By Jeanne Roberts
There is good news on the homefront for underwater homeowners whose mortgages amount to more than their home’s value, and it’s called the Home Affordable Refinance Program, or HARP. But questions are being raised regarding the real number of homeowners who will receive help through the program.
Underwater mortgages occurred when rapidly rising home values during the first half of the decade – or “housing bubble” – reached inherent limits, given the tenuous nature of certain financial instruments in the real estate and financial markets.
When the bubble burst it caused a far-reaching series of reactions that deflated those same home values. This left some homeowners with a $150,000 house, for example, but a $250,000 mortgage. Many economists say the recession is over, but neither the jobs nor housing markets have recovered. In fact, some economists insist, they may never recover their former robustness.

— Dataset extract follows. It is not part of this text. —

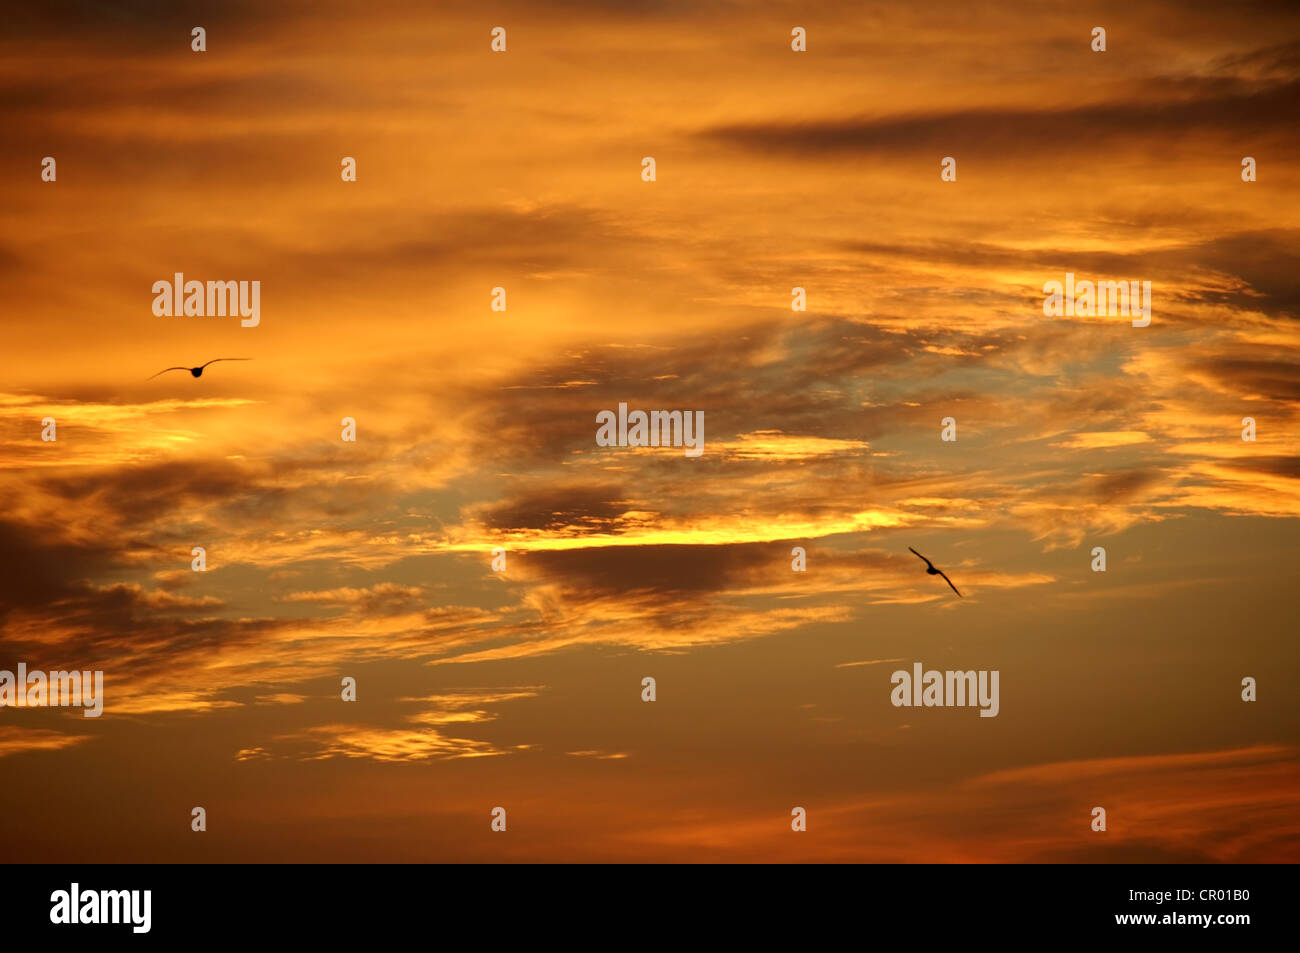 Sunset sky with clouds, Cape Tarhankut, Tarhan Qut, Crimea, Ukraine, Eastern Europe Stock Photo
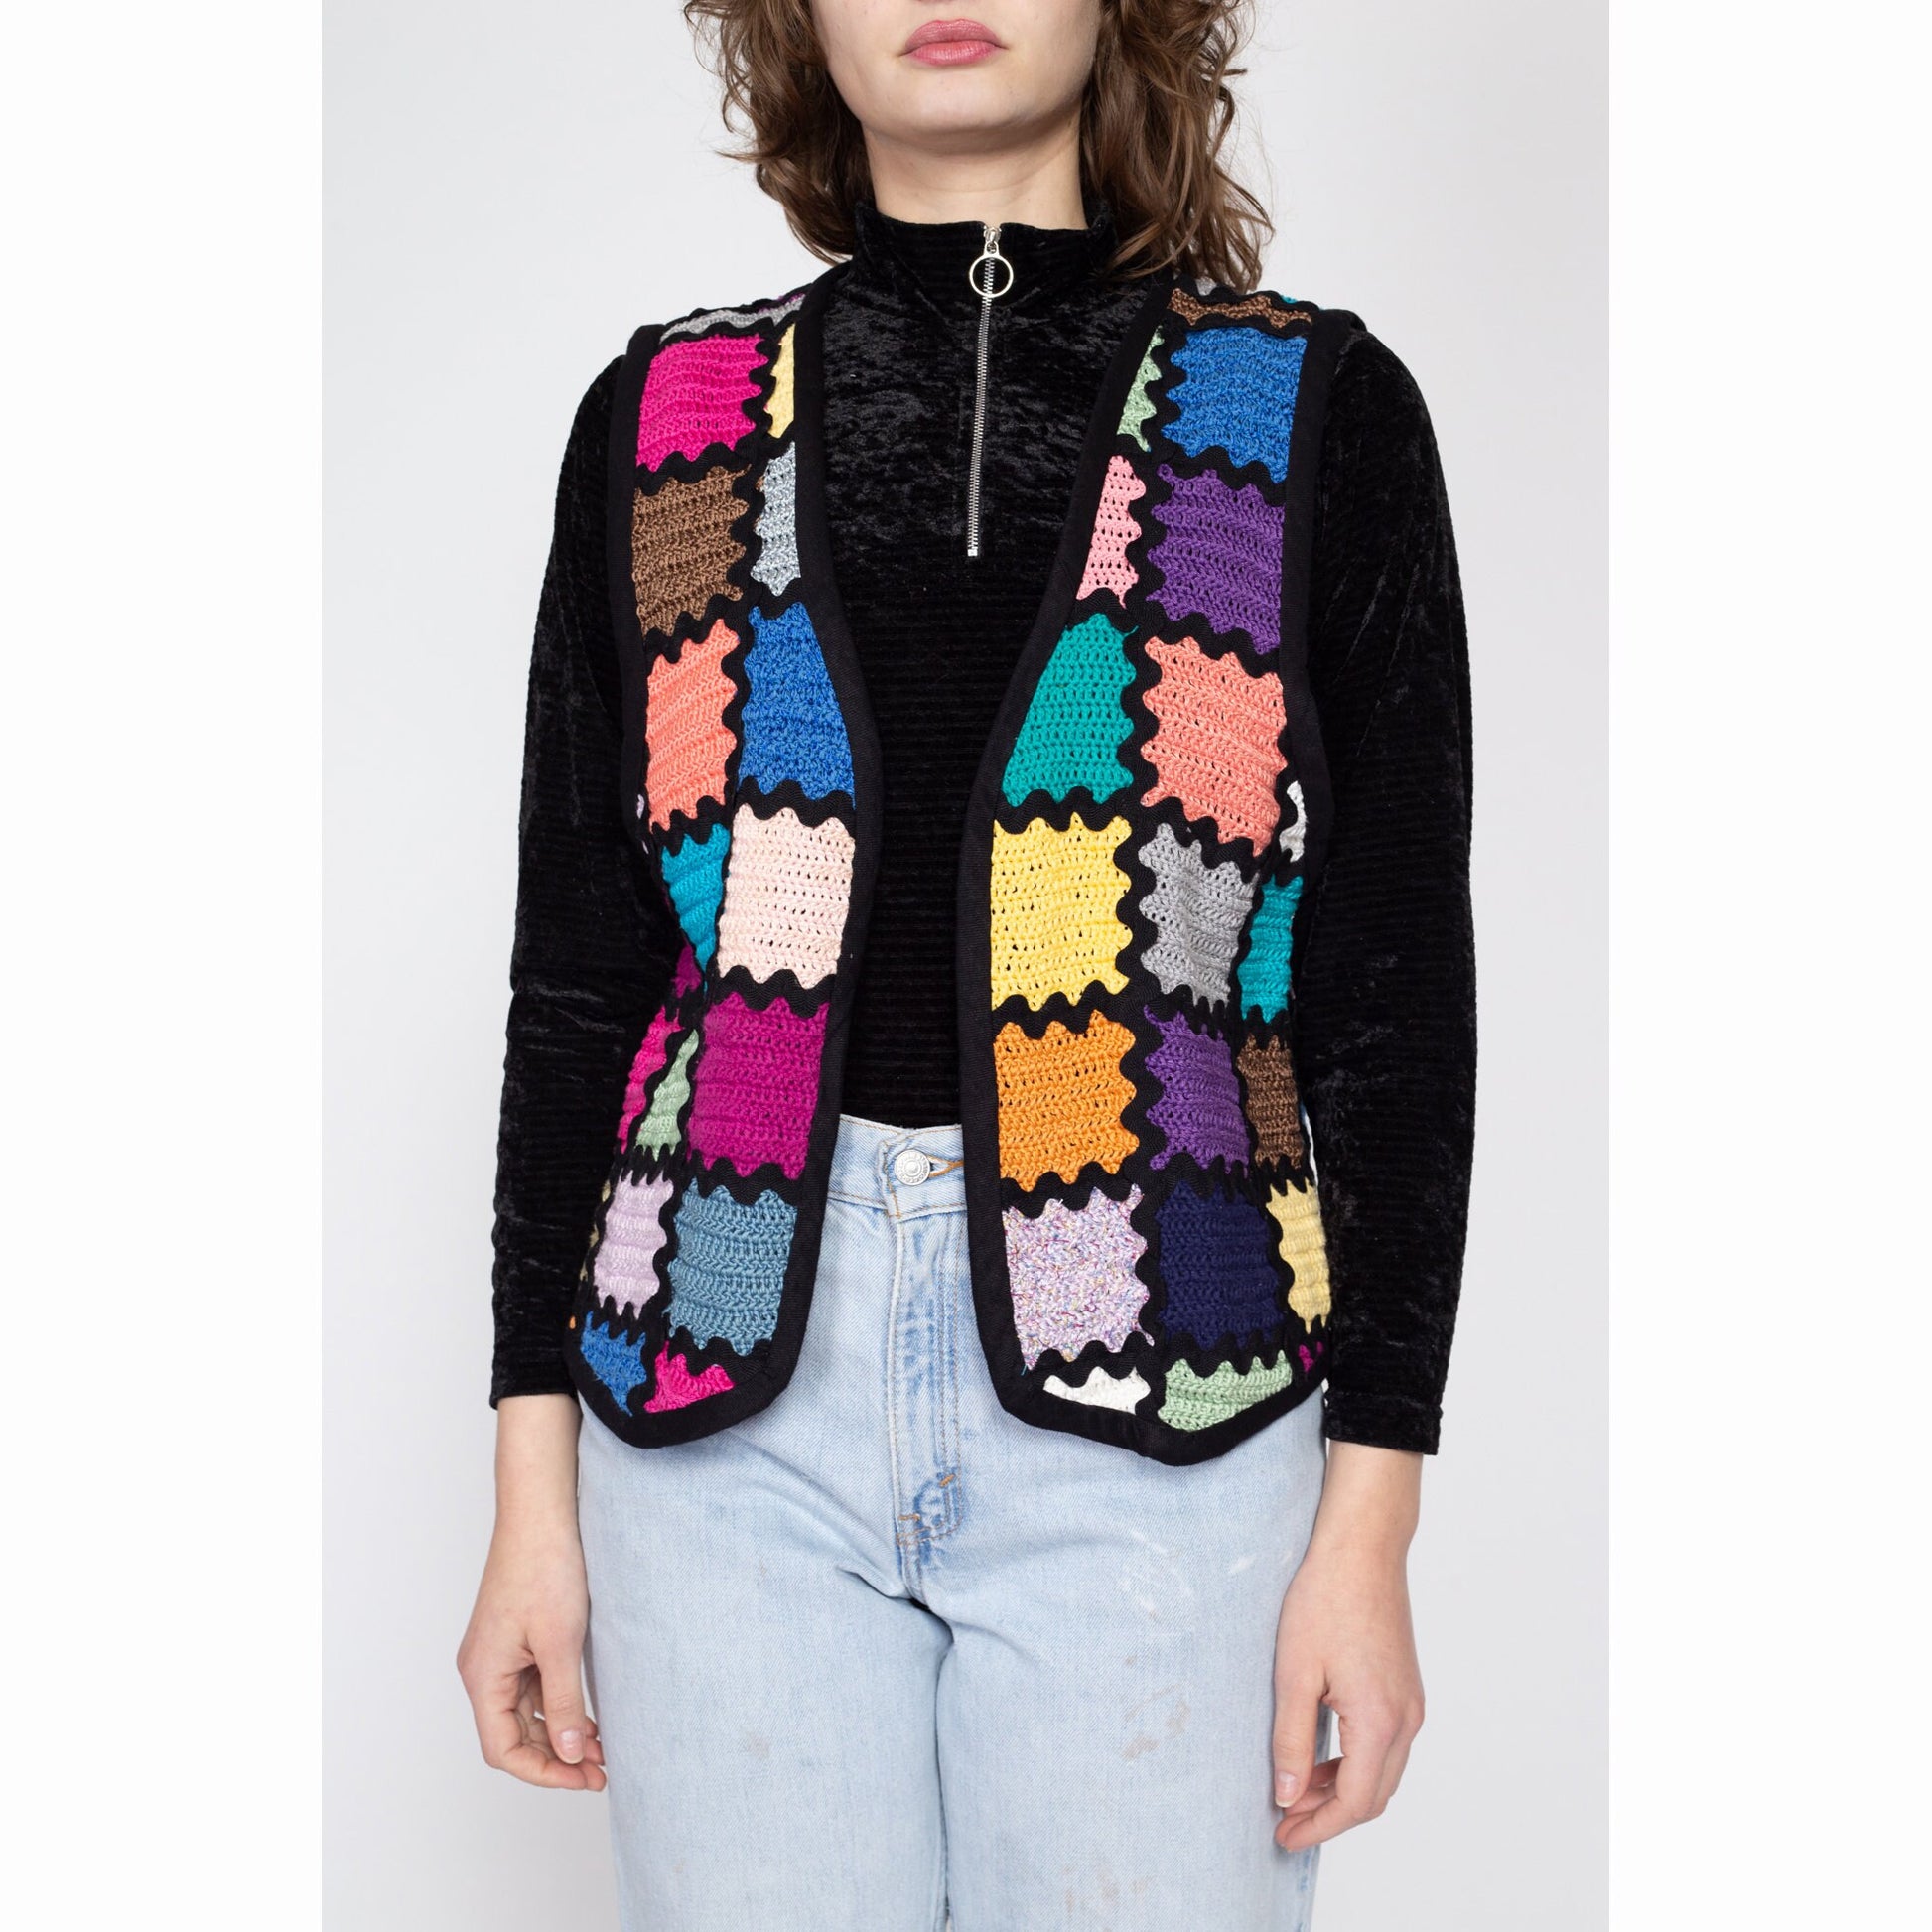 Large 80s Colorful Reversible Patchwork Knit Vest | Vintage Granny Square Boho Open Fit Sleeveless Top

HARP was introduced in 2009 by President Barack Obama to help these underwater mortgage holders and is being expanded to include homeowners who are unable to qualify for refinancing under conventional guidelines.
It was originally aimed at a housing market that comprised an estimated 5 million struggling homeowners. Unfortunately, HARP’s original terms and limits so annoyed and depressed mortgage holders that the program, to date, has reached fewer than 900,000 mortgage holders.
These limits included complex requirements, high risk-based fees, and a restriction that eliminated any homeowner whose existing mortgage represented more 125% of the loan-to-value of their home.
The revamping of HARP will let borrowers whose mortgages are backed by Fannie Mae and Freddie Mac refinance those underwater mortgages, presumably no matter how far their home’s value has fallen. In fact, current loan-to-value ratio on the existing mortgage must be greater than 80 percent.
And, mortgage holders can’t double-dip; that is, if they already have an earlier HARP loan, they can’t get another at the even better rate of 4%. The new terms also eliminate the need for yet another property appraisal in calculating LTV, and the program’s end date has been extended.
The plan, announced last week still has certain eligibility limits. For example, your mortgage has to be a Fannie Mae or Freddie Mac instrument, owned or guaranteed by one agency or the other, and you must not have missed any payments in the last six months (since April 24, at present), or have more than one missed payment over the last year.
The FHFA, or Federal Housing Finance Agency, which currently controls Fannie, Freddie, and 12 other Federal Home Loan Banks – located in Atlanta, Boston, Chicago, Cincinnati, Dallas, Des Moines, Indianapolis, New York, Pittsburgh, San Francisco, Seattle and Topeka – is expected to announce the final program parameters by November 15.